4.2. Common Statistical Functions

A statistic is a metric, or measure, taken from a data set. That is to say, it is a value resulting from a calculation of the data points that gives useful information about the data. We will refer to the random variable with a capital letter, X, and the individual members of the random variable with a lower case letter, x.

4.2.1. Minimum and Maximum

The min and max functions take a vector input and can be used with either one or two outputs. The first output is either the minimum or maximum value of the vector. The second output is the index (location) of the value.

>> v = [31;12;8;29;36];

>> mn = min(v)
mn =
    8
>> mx = max(v)
mx =
    36
>> [mn, idx] = min(v)
mn =
    8
idx =
    3
>> [mx, idx] = max(v)
mx =
    36
idx =
    5

4.2.2. Mean, Standard Deviation, Median, and Mode

Mean

The mean of a data set is what we also call the average, or expected value (E(X)). The mean is the sum of the values divided by the number of values. MATLAB has a function called mean that takes an vector argument and returns the mean of the data. Outliers (a few values significantly different than the rest of the data) can move the mean. So it can be a poor estimator of the center of the data. The median is less affected by outliers. The symbol for the sample mean of a random variable, X, is \bar{x}. The symbol for a population mean is \mu, which is the expected value, E(X), of the random variable.

\bar{x} = \frac{1}{n} \sum_{i=1}^{n} x_{i}

\mu = E(X)

>> v = [31;12;8;29;36];
>> sum(v)/length(v)
ans =
   23.2000
>> mean(v)
ans =
   23.2000
Standard Deviation

The standard deviation, which is the square root of the variance, is a measure of how widely distributed a random variable is about its mean. As shown in Fig. 4.1, a small standard deviation means that the numbers are close to the mean. A larger standard deviation means that the numbers vary quite a bit. For a normal (Gaussian) distributed variable, 68% of the values are within one standard deviation of the mean, 95% are within two standard deviations and 99.7% are within three standard deviations. The symbol for a sample standard deviation is s and the symbol for a population standard deviation is \sigma. See Wikipedia site.

../_images/pdfs.png

Fig. 4.1 Probability Density Functions with \sigma = 3 and \sigma =
1.

We define the difference between a random variable and its mean as Y = (X - \bar{x}). Note that owing to the definition of the mean, \bar{y} = 0. To account equally for the variability of values less than or greater than the mean, we will use Y^2. The maximum likelihood estimator (MLE) of the variance computes the mean value of Y^2.

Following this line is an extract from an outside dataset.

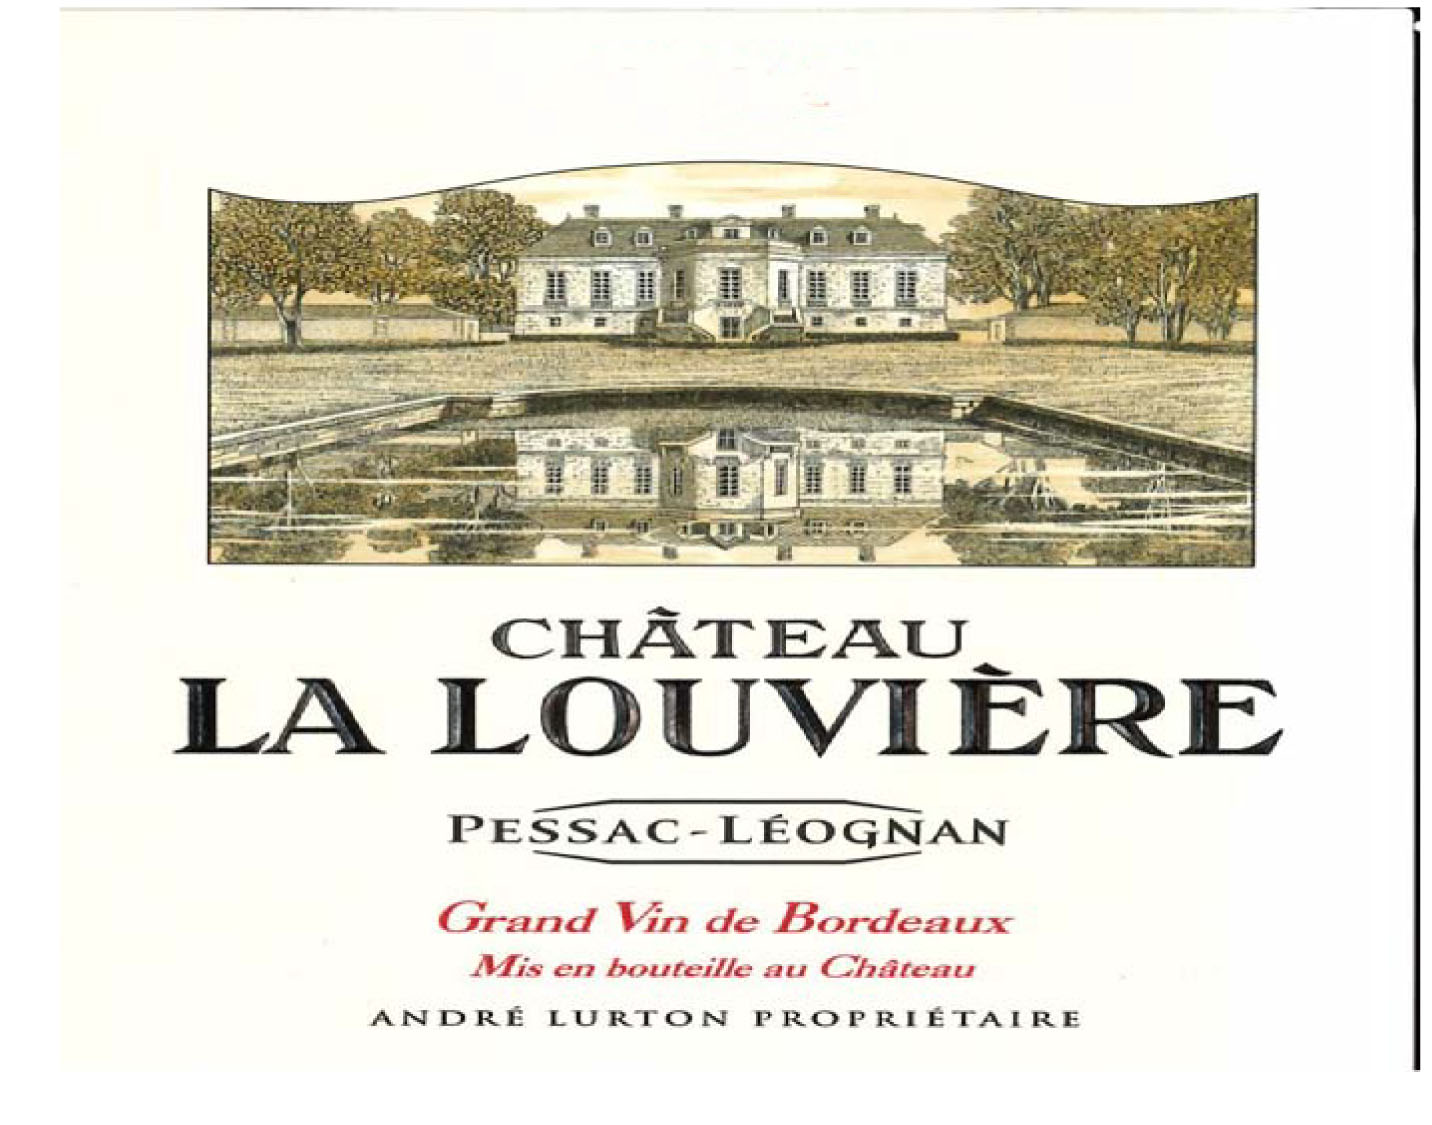 Chateau La Louviere Rouge label

s_{MLE}^2 & = \left(\frac{1}{n}
\sum_{i=1}^{n} x_{i}^2\right) - \bar{x}^2

It is usually preferred to use the unbiased estimator of the variance, which divides the sum by (n - 1) instead of by n. The reason is because \sum_{i=1}^n y_i = 0. So if we know the sum of the first (n - 1) terms, then the last term can be determined. Only (n - 1) of the squared deviations can vary freely. The number (n - 1) is called the degrees of freedom of the variance. [MOORE18]

The unbiased variance is then calculated as

s^2 = \frac{(x_1 - \bar{x})^2 + (x_2 - \bar{x})^2 +
    \cdots + (x_n - \bar{x})^2}{n - 1}
= \frac{1}{n - 1}\sum_{i=1}^n (x_i - \bar{x})^2.

The standard deviation, s, is the square root of the variance. MATLAB has a function called std that takes a vector argument and returns the standard deviation. Similarly, the var function returns the variance.

To find the MLE standard deviation or variance, pass a second argument of 1 to the functions (std(X, 1), var(X, 1)).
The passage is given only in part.